The Mirabell Gardens is a garden built in 1606 by The Prince of the Habsburg dynasty and the supreme governor of Salzburg, Archbishop Wolf Dietrich, for his lover. Mirabell Gardens is a synthesis of two people each taking their own name, which means "amazingly beautiful" in Italian. So carefully built a garden for his lover and named it, this lover must have been extraordinary in the heart of this archbishop. Indeed, the archbishop's lover not only came from a prestigious origin, but also bore the archbishop 15 children. If it were not for the fact that the archbishop could not marry, his lover would have been the wife of the ming media.

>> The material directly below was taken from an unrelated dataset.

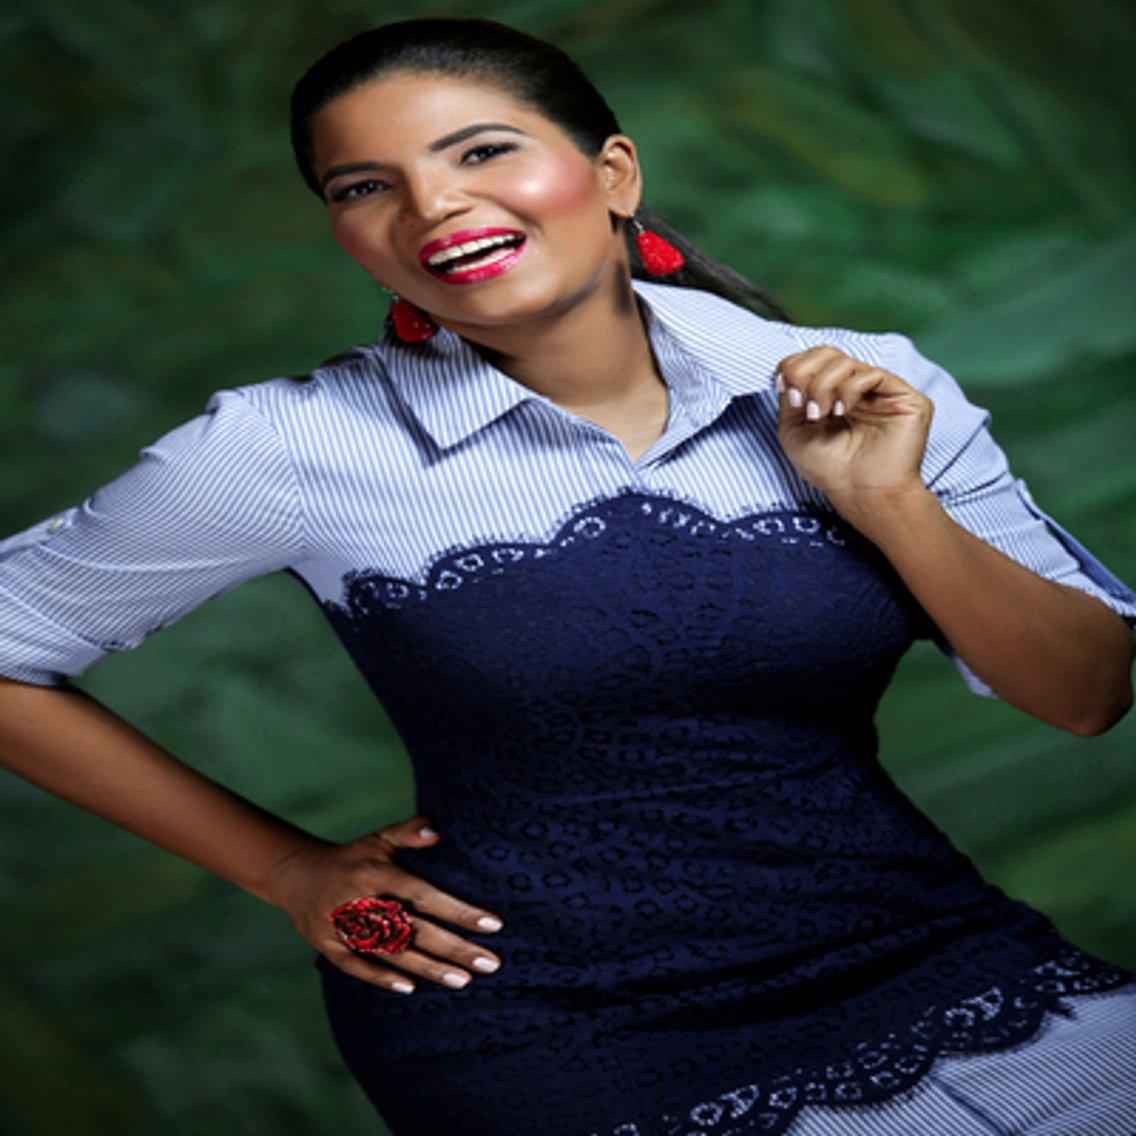 Anibelca Rosario Mas Cerca - immagine di copertina

This Baroque garden is indeed as its name suggests, beautiful and extraordinary, with green grass and flowers. In the distance, there is a sea of colorful flowers. Flowers and plants are trimmed into different shapes, embellished with cleverly designed fountains that spray water from the mouths of the birds parked on the maidens. Surrounded by four groups of large stone sculptures based on Greek mythology, representing wind, earth, water, and fire. The back garden of the Colonel's house in The Sound of Music, where the male and female protagonists danced, is here; and Maria and her seven children sang and danced around the fountain in the center of the garden, and the children used the stairs leading to Rose Hill as a scale and sang the popular "Do-Re-Mi" from this garden.